Старик приволок из предбанника сенник. Взбил его, бросил на два ржаных снопа.
— Когда будить-то?
— До света чтоб на ногах были, — сказал я.
Старик надел шапку, повязал полушубок веревкой, взял топор, салазки и вышел, плотно прикрыв за собой дверь.
Слышно было, как под окошком проскрипел снежок. Потом все стихло, только над банькой шуршала солома, да посвистывал в трубе ветер.
Перед рассветом старик разбудил нас. Был он хмур, неразговорчив. Мы тоже молчали. Оделись и вышли на улицу.

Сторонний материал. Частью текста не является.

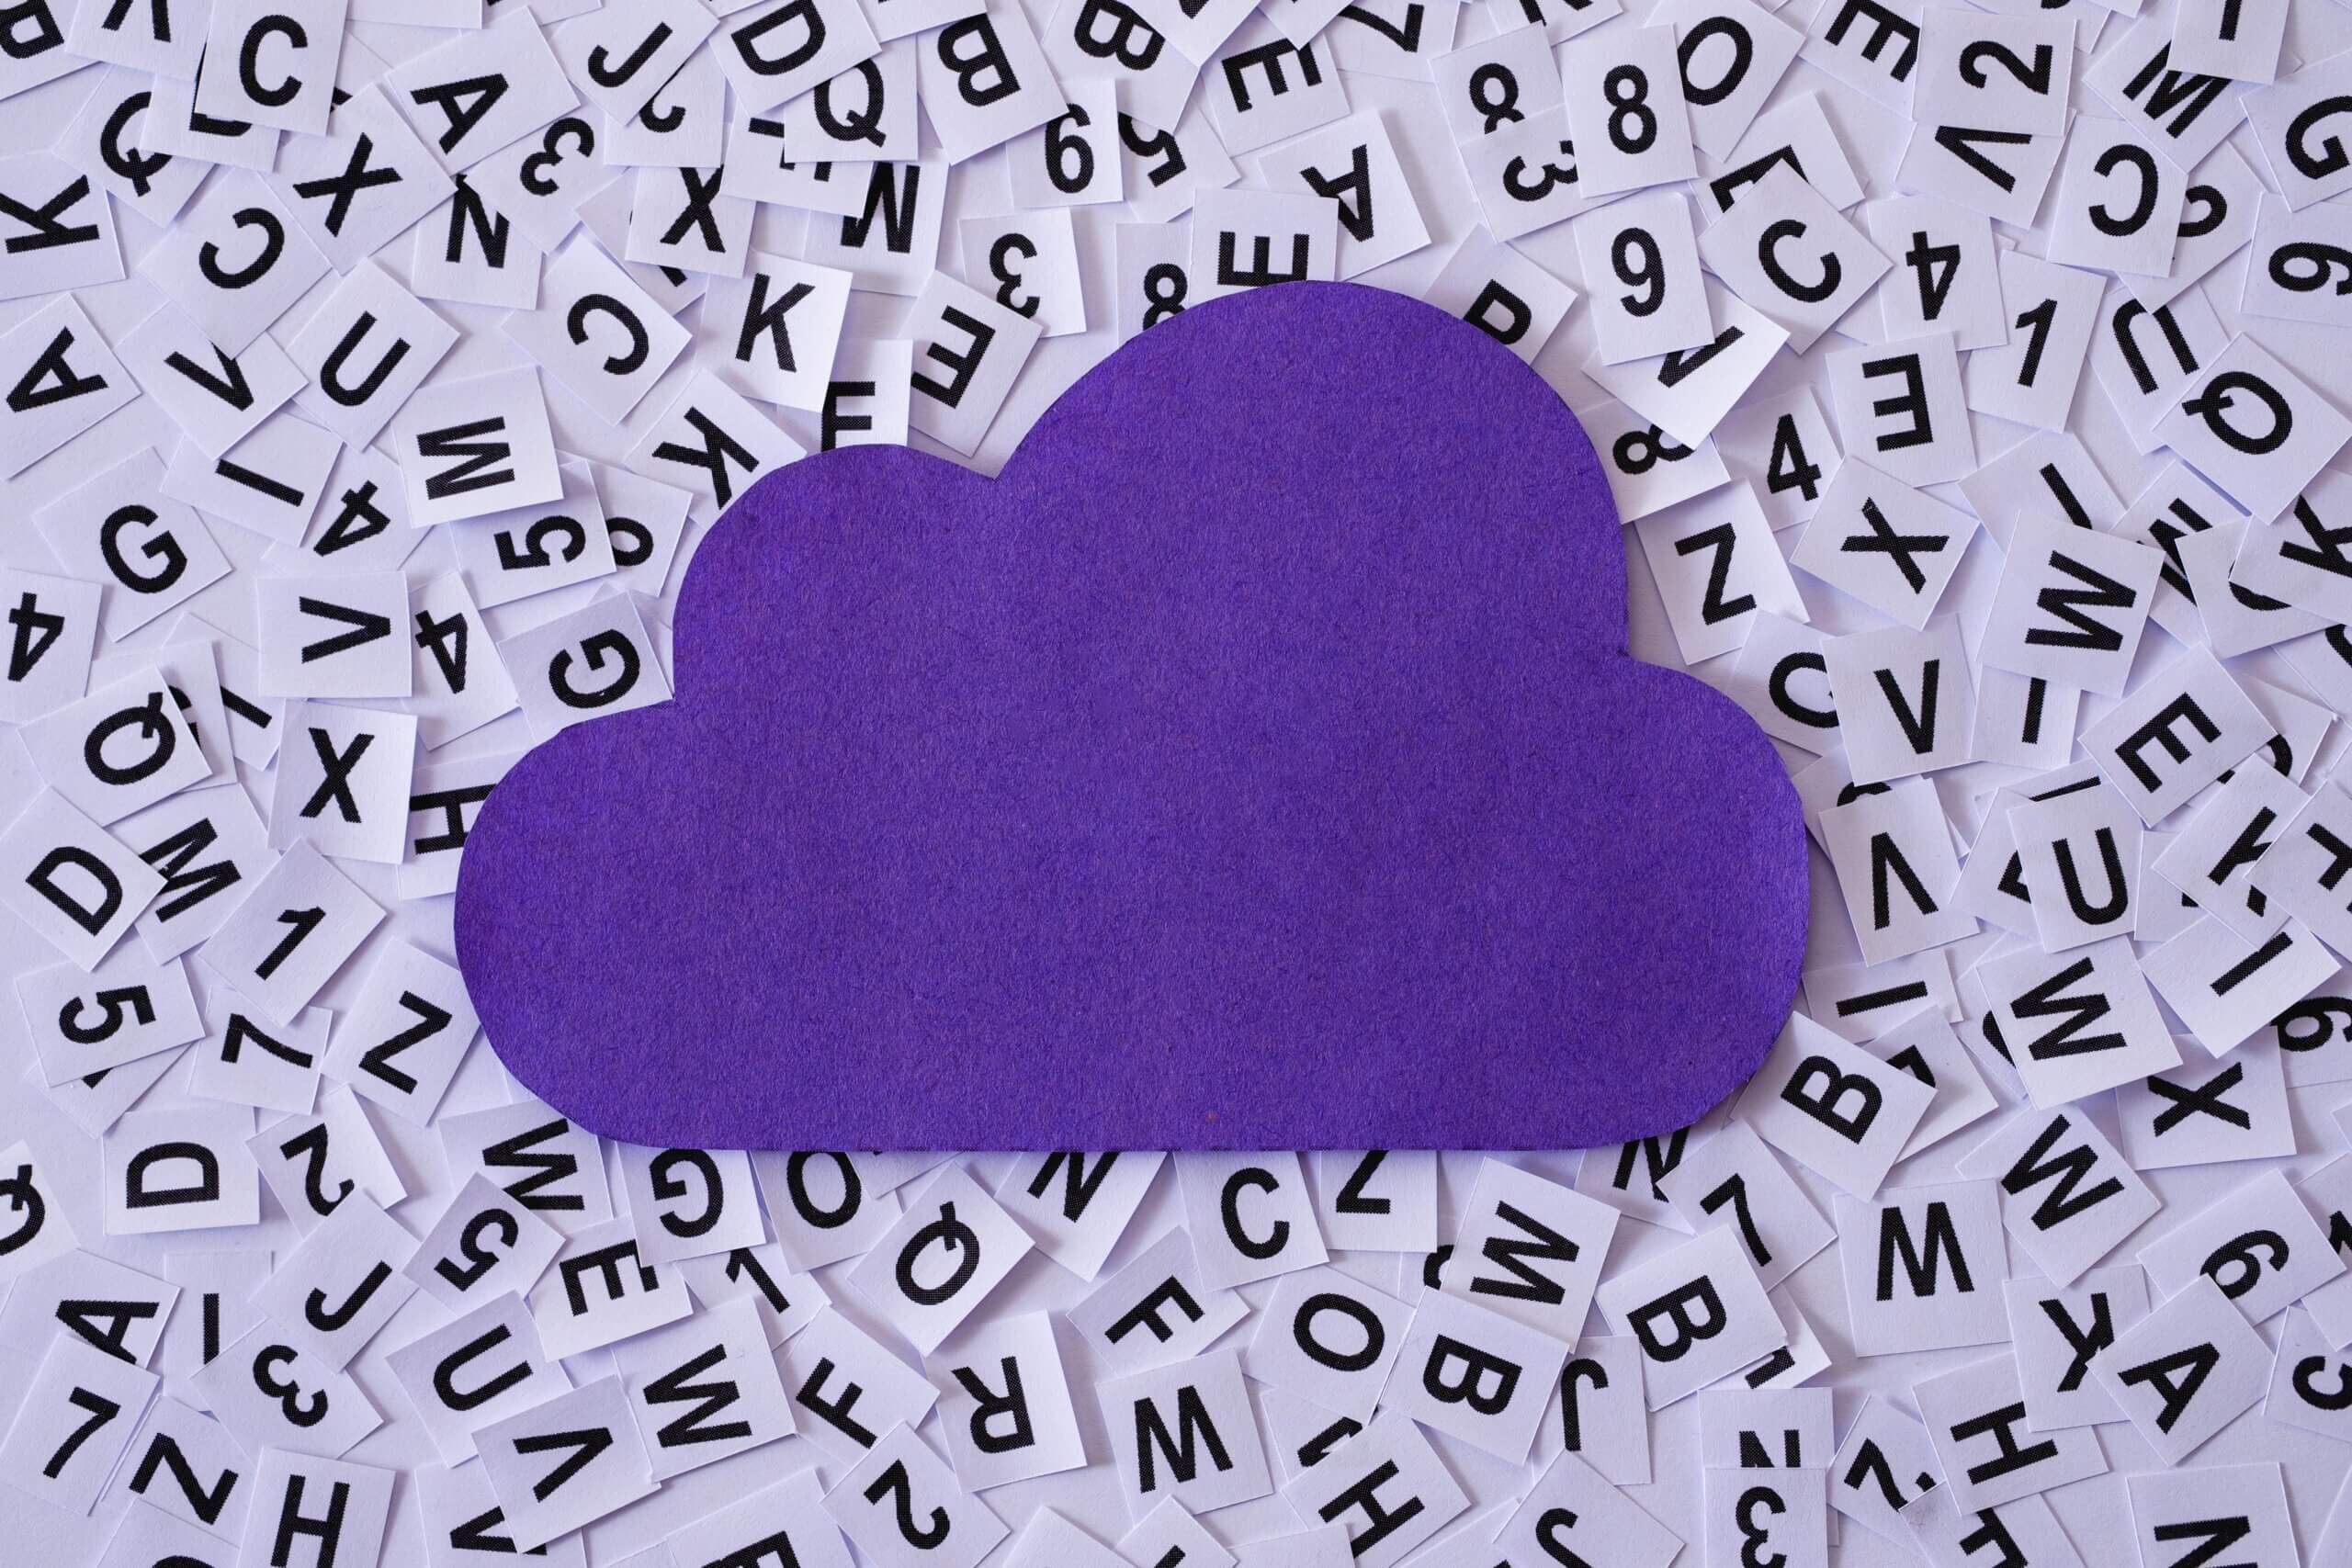 A imagem representa o conteúdo sobre carreira em computação em nuvem, onde encontramos uma nuvem apoiada em diversos quadrados, com letras do alfabeto.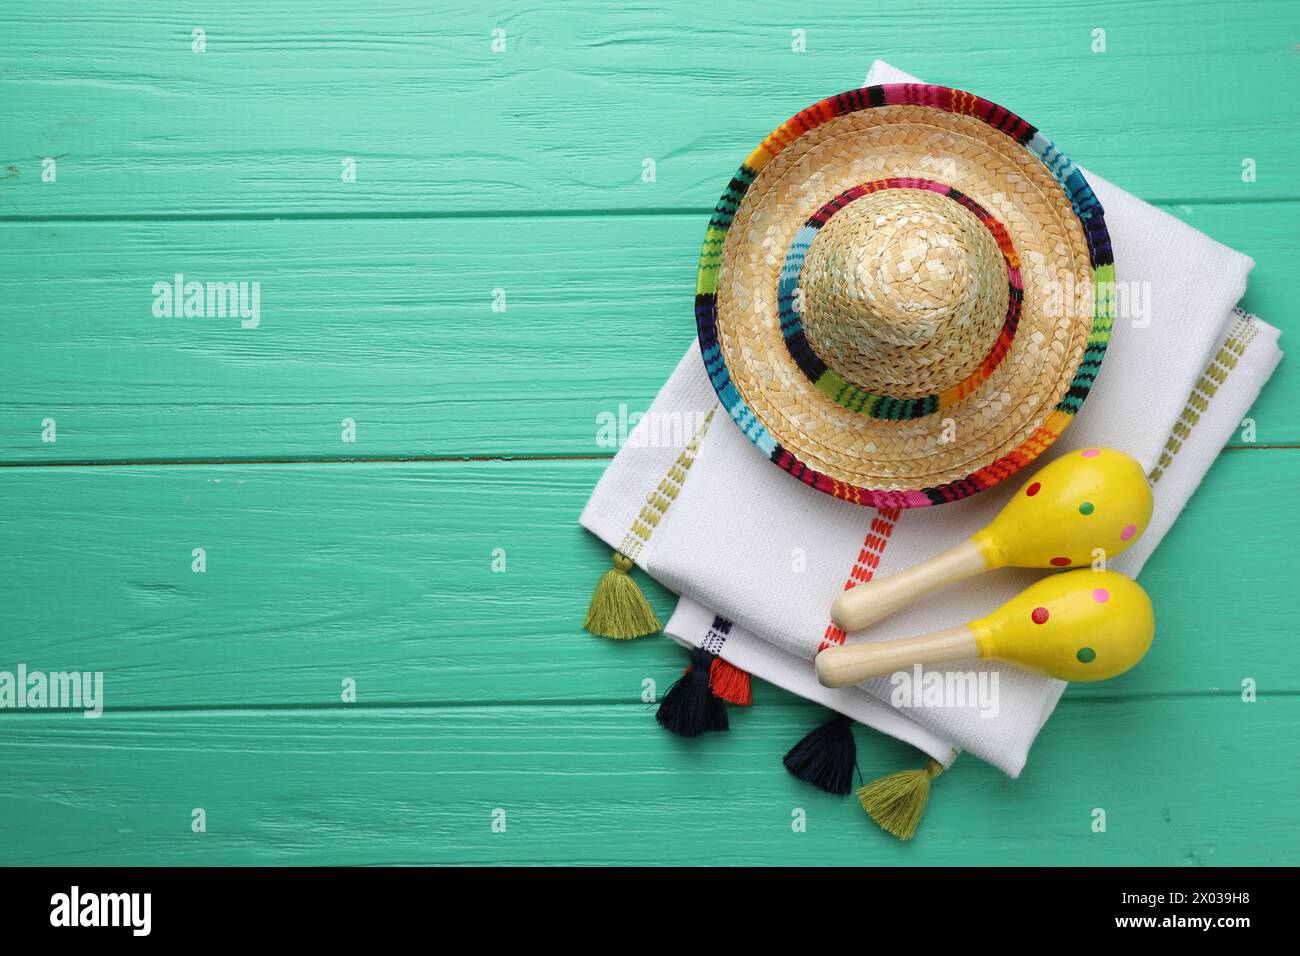 Chapeau sombrero mexicain, maracas et poncho sur table en bois turquoise, pose à plat. Espace pour le texte Banque D'Images

Старик проводил нас за хутор. Прошли мимо груды бревен, сваленных у дороги. «За ночь на салазочках навозил», — подумал я.
— Так вам шлях нужон? — сказал старик, остановившись. — Вон, видите, рогуля чернеет? Как дойдете до нее, станете — огонек вам представится. На шлях этот огонек вас и выведет.
Мы распрощались со стариком, дошли до рогули — это была разбитая снарядом яблоня, — остановились, как наказал старик. И верно: далеко-далеко горел огонек.
Я оглянулся: старик возвращался к хутору. В оконце его избы тоже светил огонек.
— Гляди, гляди, — проговорил майор и показал в степь.
Там блеснул еще огонек…
1959 г.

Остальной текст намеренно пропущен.